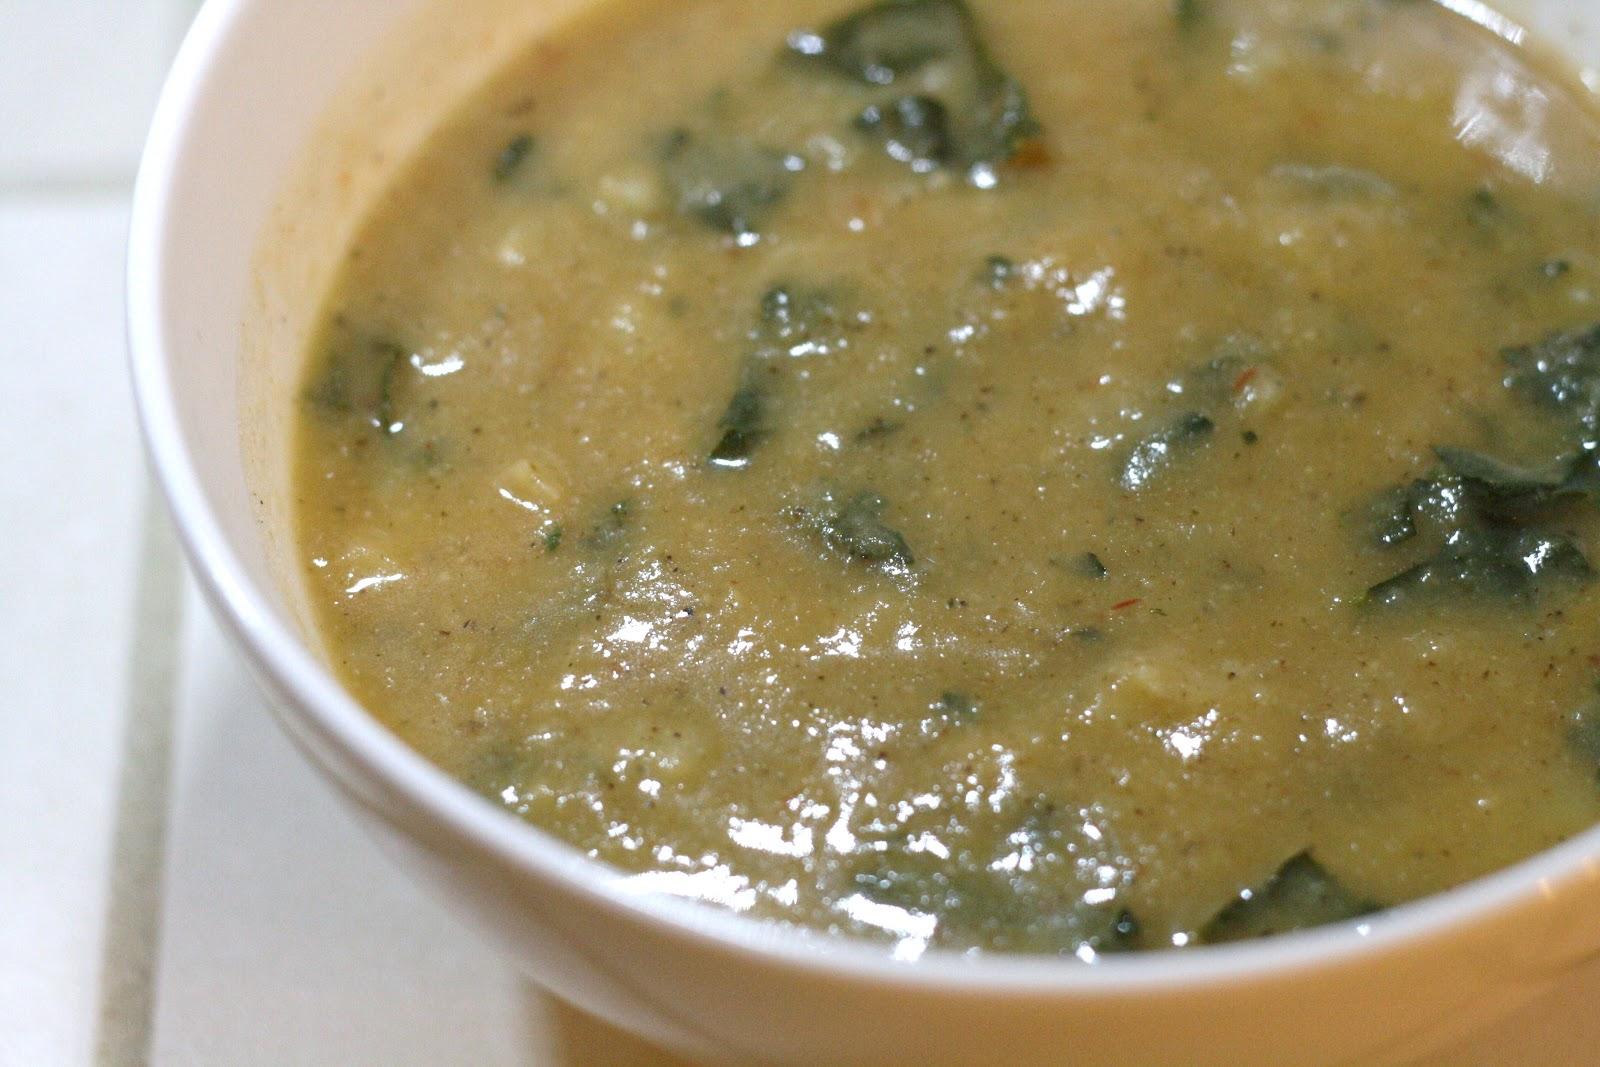 ... Recipe Box: Smoky Charred Cauliflower and Potato Soup with Kale
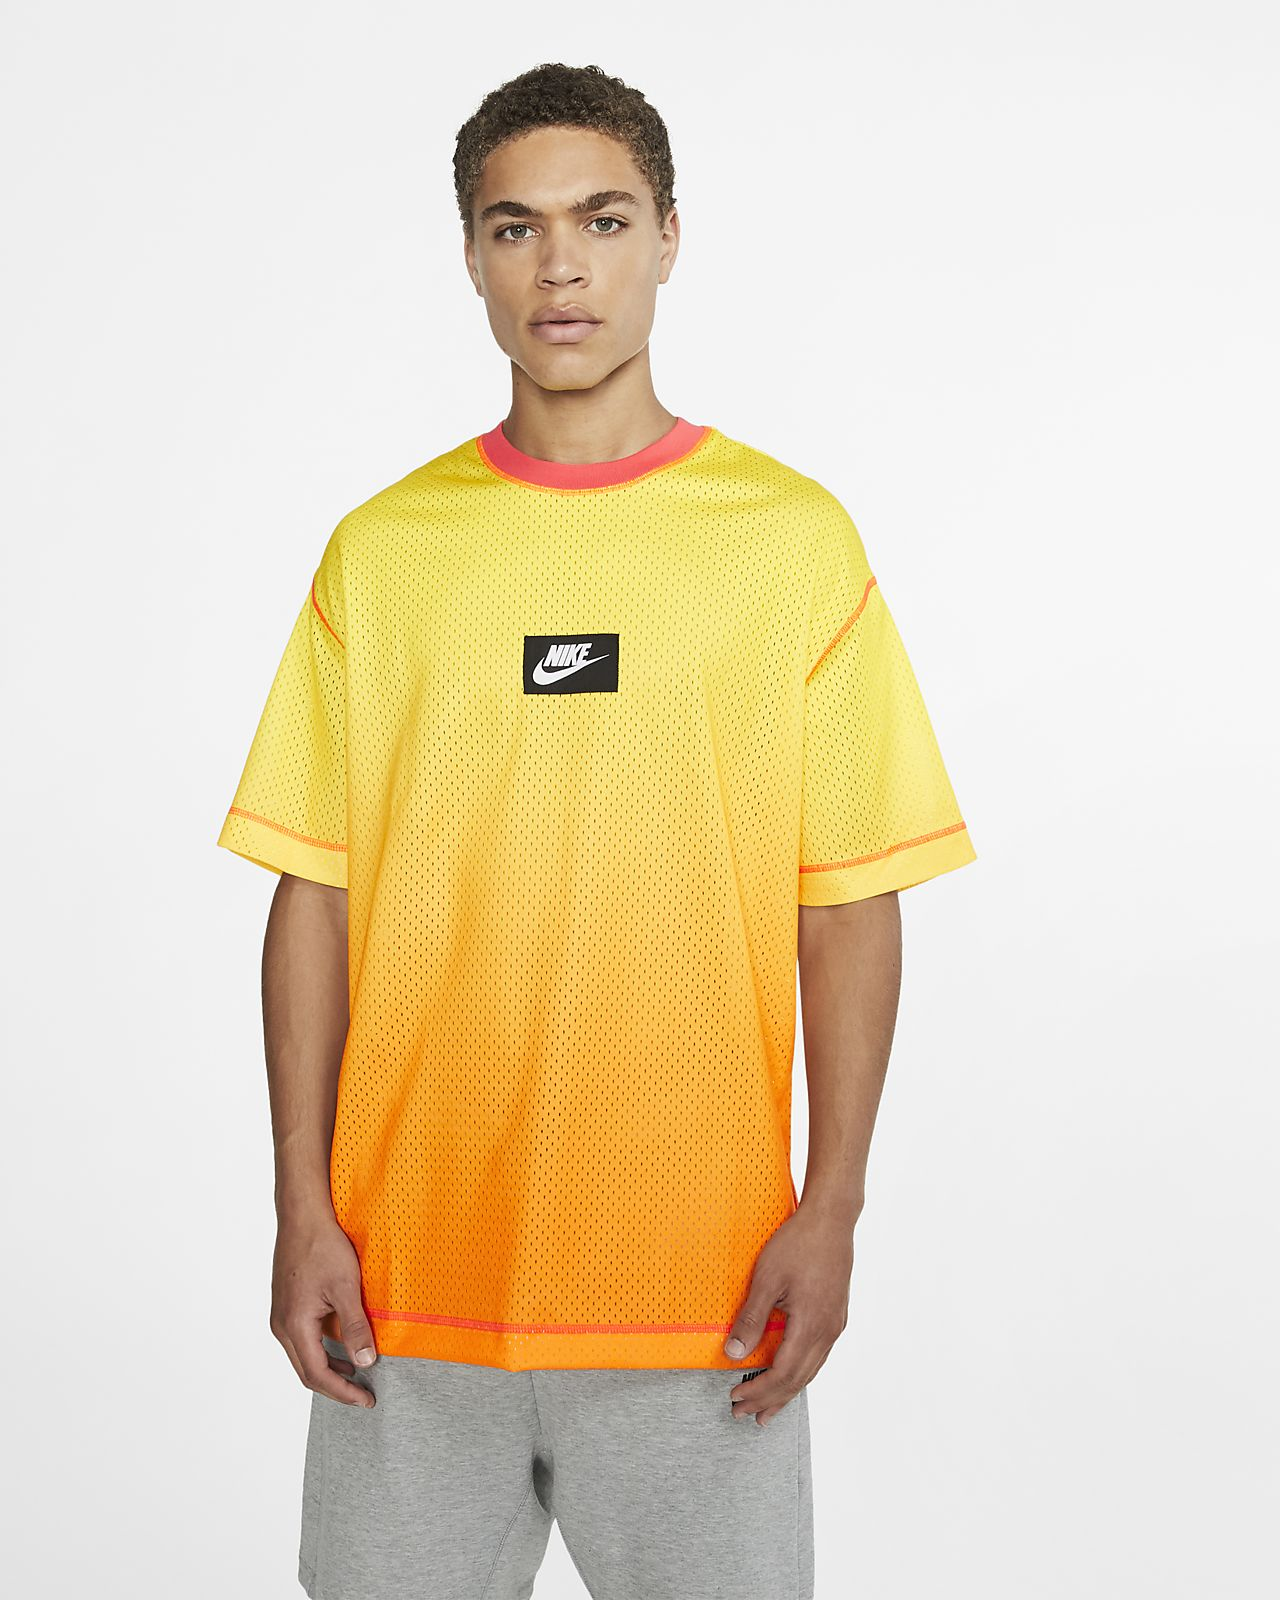 online store f0c58 52fbd ... Kortärmad tröja i mesh Nike Sportswear för män
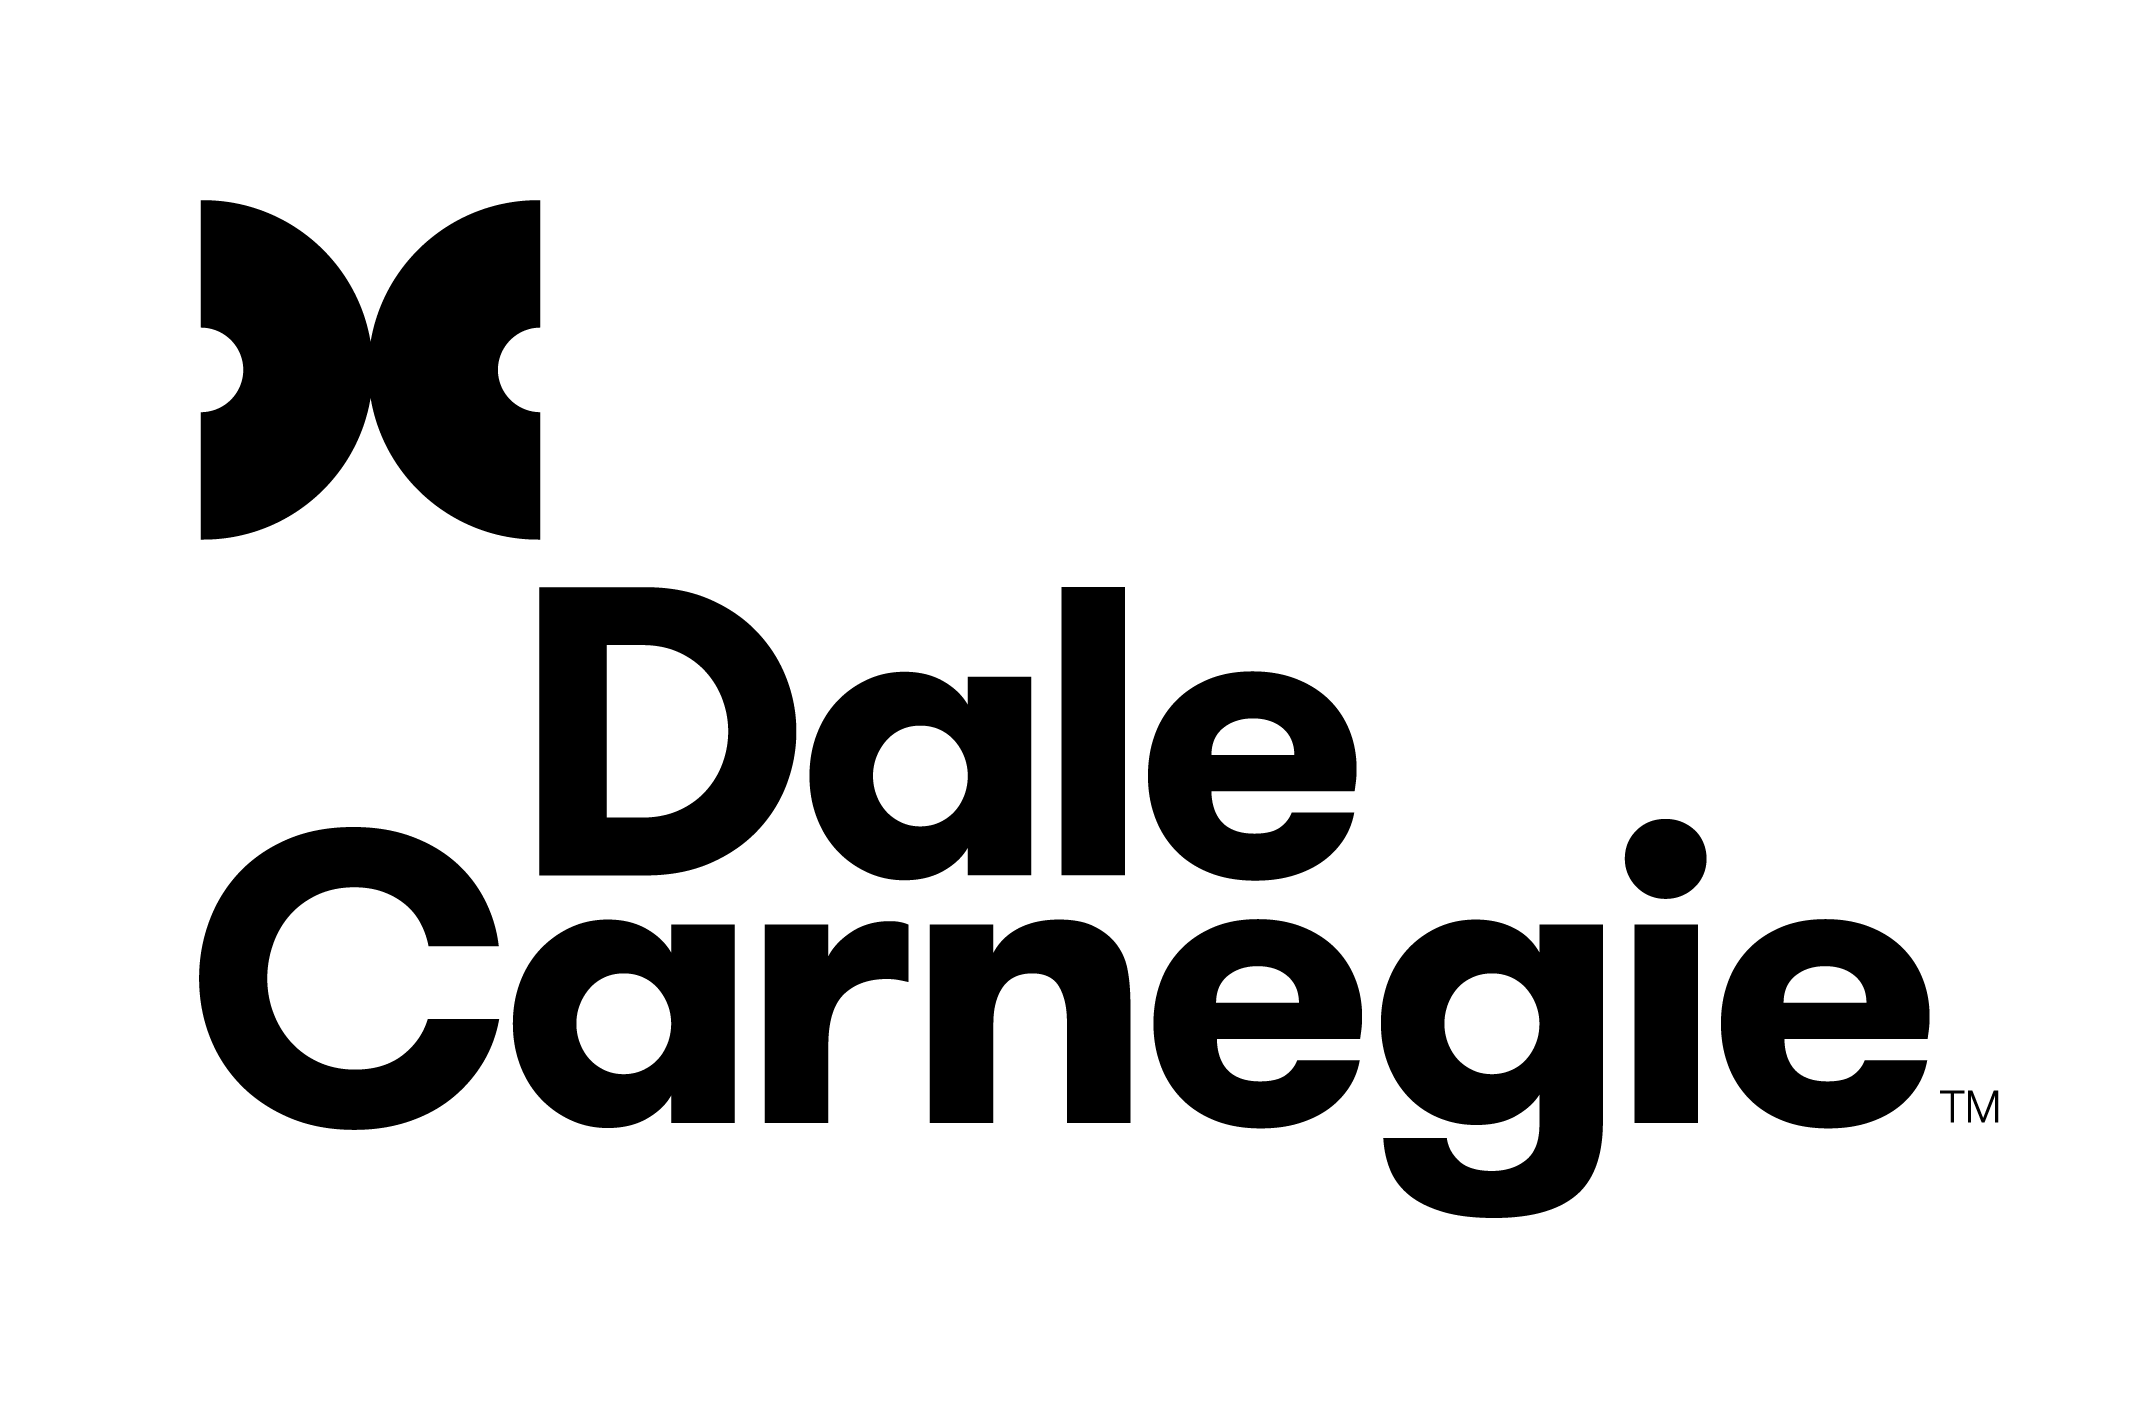 K2 DEVELOPPEMENT
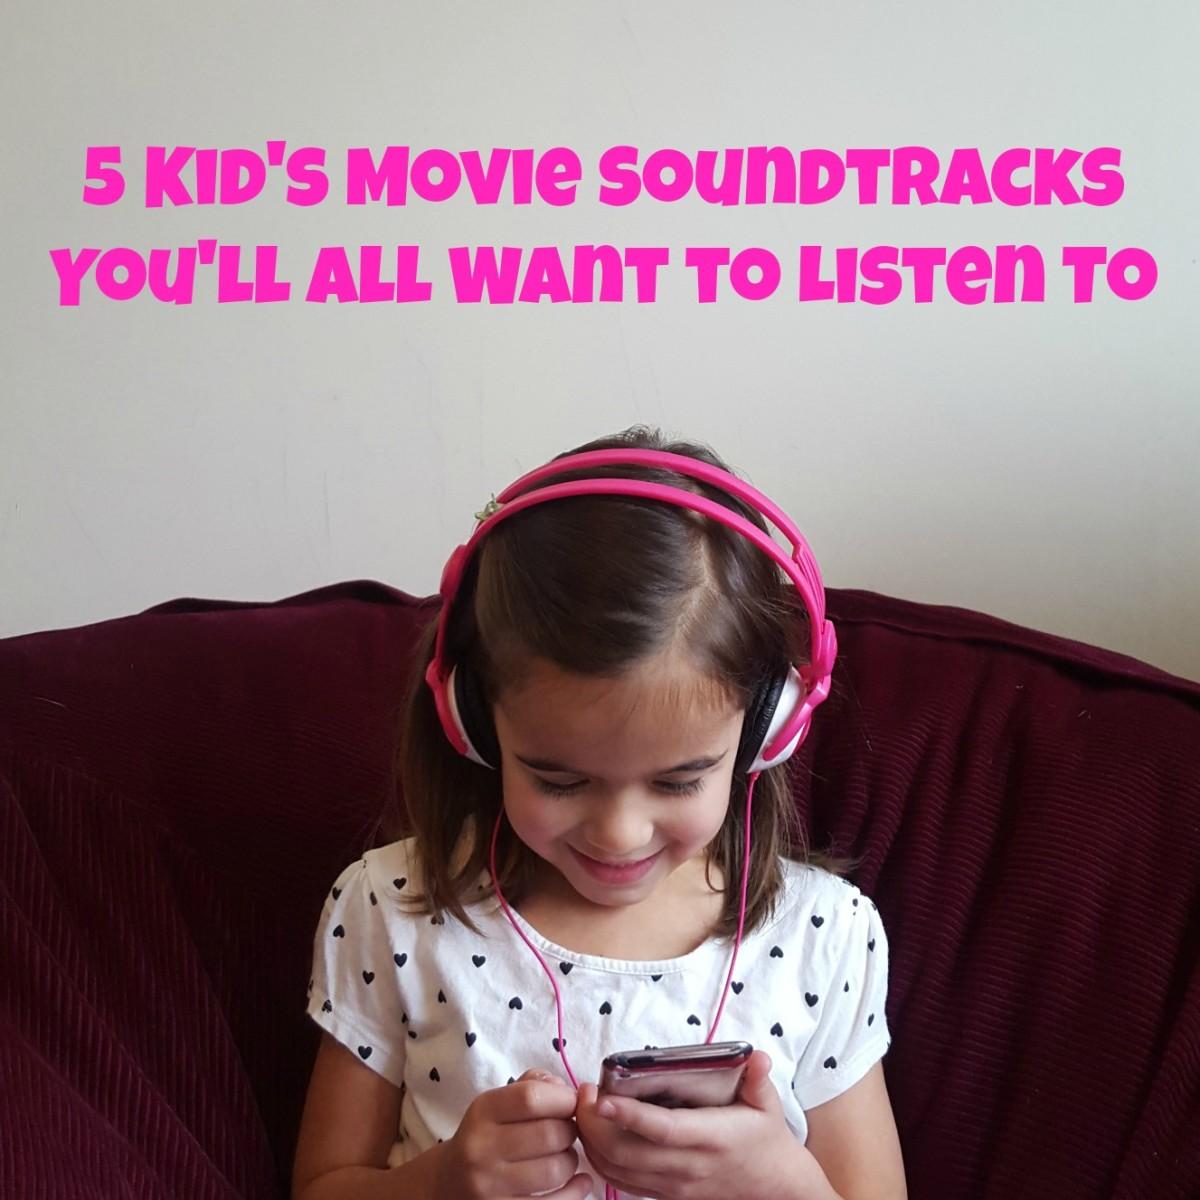 5 Kid's Movie Soundtracks
____
Write out all the data exactly, minus pictures.

 ... Recipe Box: Smoky Charred Cauliflower and Potato Soup with Kale
 online store f0c58 52fbd ... Kortärmad tröja i mesh Nike Sportswear för män
 K2 DEVELOPPEMENT
 5 Kid's Movie Soundtracks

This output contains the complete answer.